Banning sleep will just pointlessly ruin and neuter other pokemon. No other generation has a problem with the sleep clause thing (except 5, but the sleep mechanics were totally broken, so that doesnt really count), so why should it be a problem now? Its effectively only darkrai abusing here, and it seems like a simple solution. Make a suspect test to ban darkrai. (frankly it shouldn't have ever had the chance here to begin with)
 
Please actually point this stuff out in gen 9 OU (so nothing like freeze clause in older gens and whatever gross shit Gen 1 has because the playerbase was too entrenched and dumb to ban Counter) that is the same as Sleep Clause. And HP percentage isn't a valid answer because it is a thing that can be done in a battle between two people through methods such as an impartial third party that aren't forcing a cart/game modification (hell, we have other clauses that are self-enforcing anyway). Thats like, the one big reason that Zarel was fine with letting it stay from what I can recall considering they were a big proponent of making the pixel counting the only way of counting HP. Sleep Clause is the only current Gen thing that direcly flies in the face of this by being 100% impossible to replicate in a cartridge setting
Cancel button. Just sayin. That whole point was probably the least important from that whole post tho tbh
 
Sleep Clause Mod is a dinosaur of a mechanic that should be removed out of principle. And if you’re gonna remove that, I guarantee nobody wants to play in a meta where Amoonguss is sleeping half your team, so the natural conclusion is to just ban all sleep moves. I’ve felt this way for the past decade or so I’ve been following competitive singles and none of it has to do with Darkrai. Just get rid of the mechanic instead of grandfathering in a mod that has no business existing outside of the Stadium games it was introduced in.
 
I personally don’t feel like sleep is any more uncompetitive than paralysis since they’re both RNG mechanics. Sure, paralysis has other utility but it still brings with it RNG side effects, Based on that alone, i don’t see how you can target one mechanic but allow the others that have RNG concepts attached to them. But that’s just me.
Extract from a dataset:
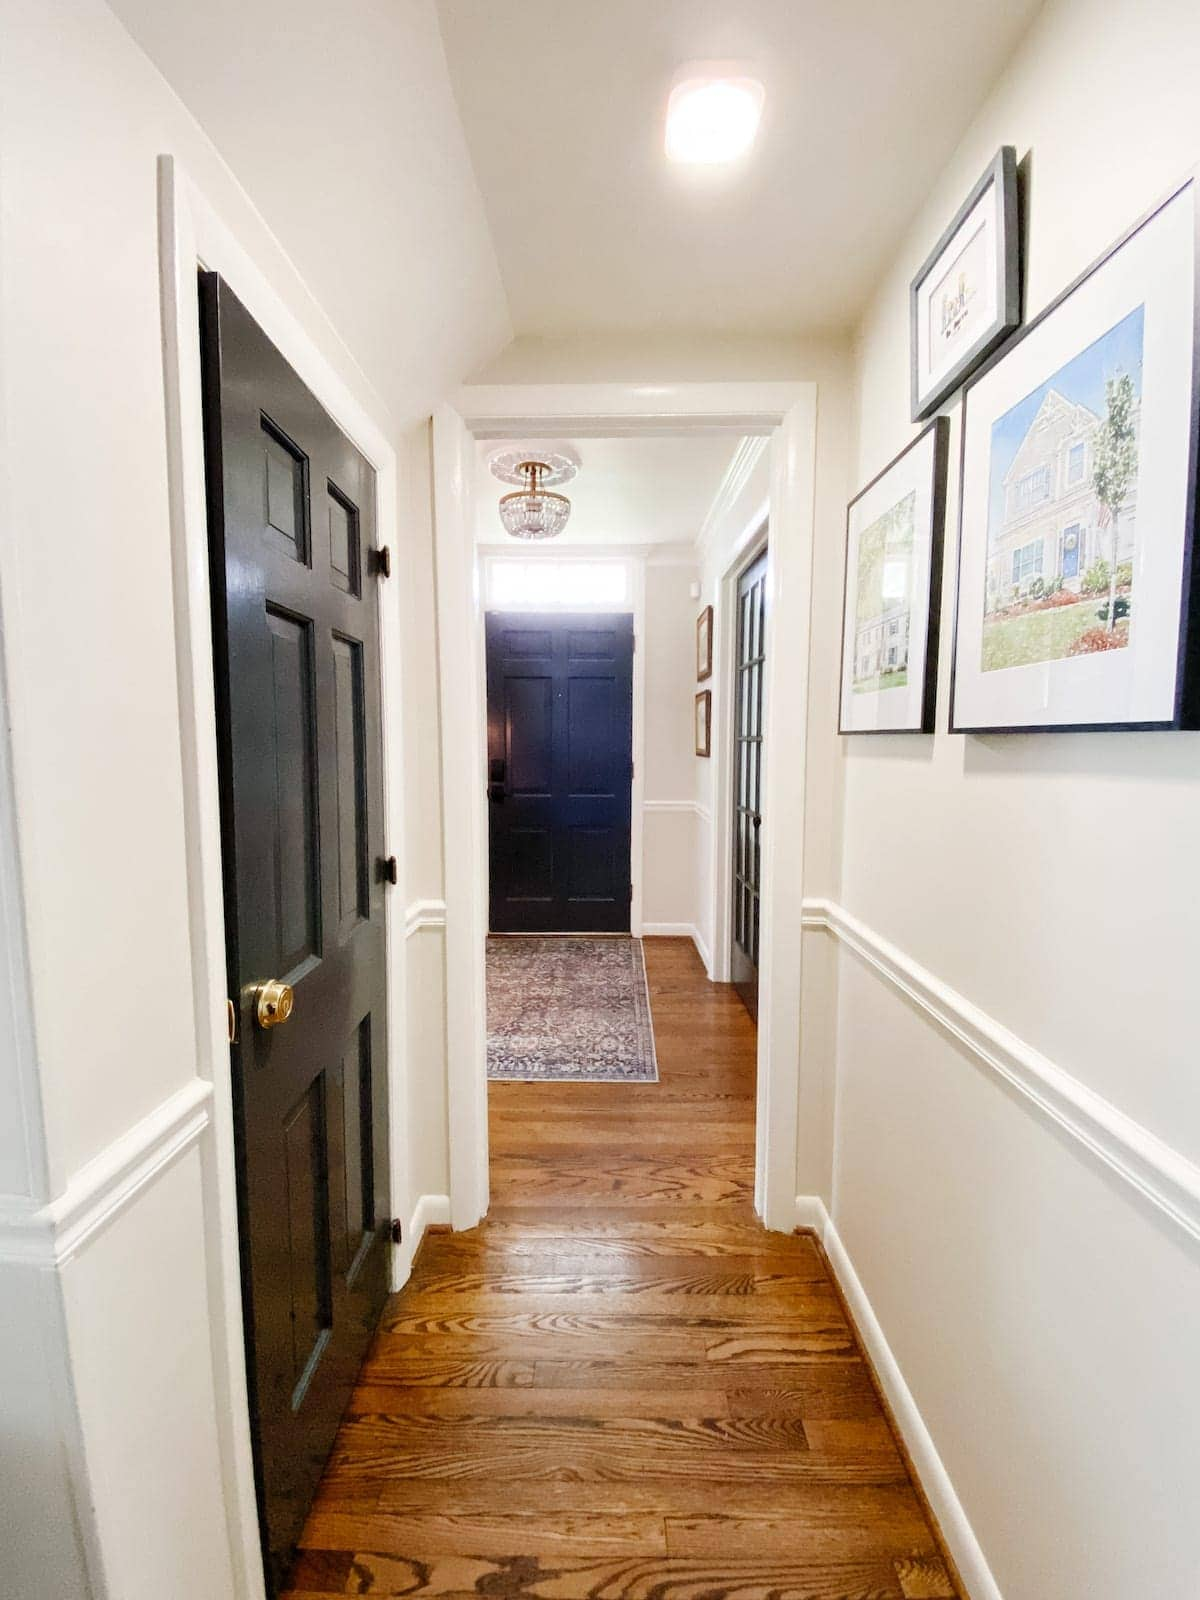 Motion sensor light in a hallway for closet access

If sleep is an issue because of a move’s unpredictability like hypnosis accuracy, then i’d target that move specifically rather than sleep as a mechanic. At least with the spore users, you already know what’s going to happen and it’s guaranteed to happen so you can adjust and play accordingly.
 
Cancel button. Just sayin. That whole point was probably the least important from that whole post tho tbh
Was the most important part the badly formatted quoting of the tiering policy shit you did? Or trying to act like banning sleep requires it sleep to be having cataclysmic levels of meta ruining power in order to be a legitimate thing to discuss? Because neither one of those are very good points either lol
 
I agree with the arguments about the cartridge, although it's not a dealbreaker.

The uncompetitive arguments fall apart if you don't argue against banning paralysis. Here, you can compare the numbers between sleep and paralysis: https://www.smogon.com/forums/threads/views-from-the-council.3733223/post-9928082.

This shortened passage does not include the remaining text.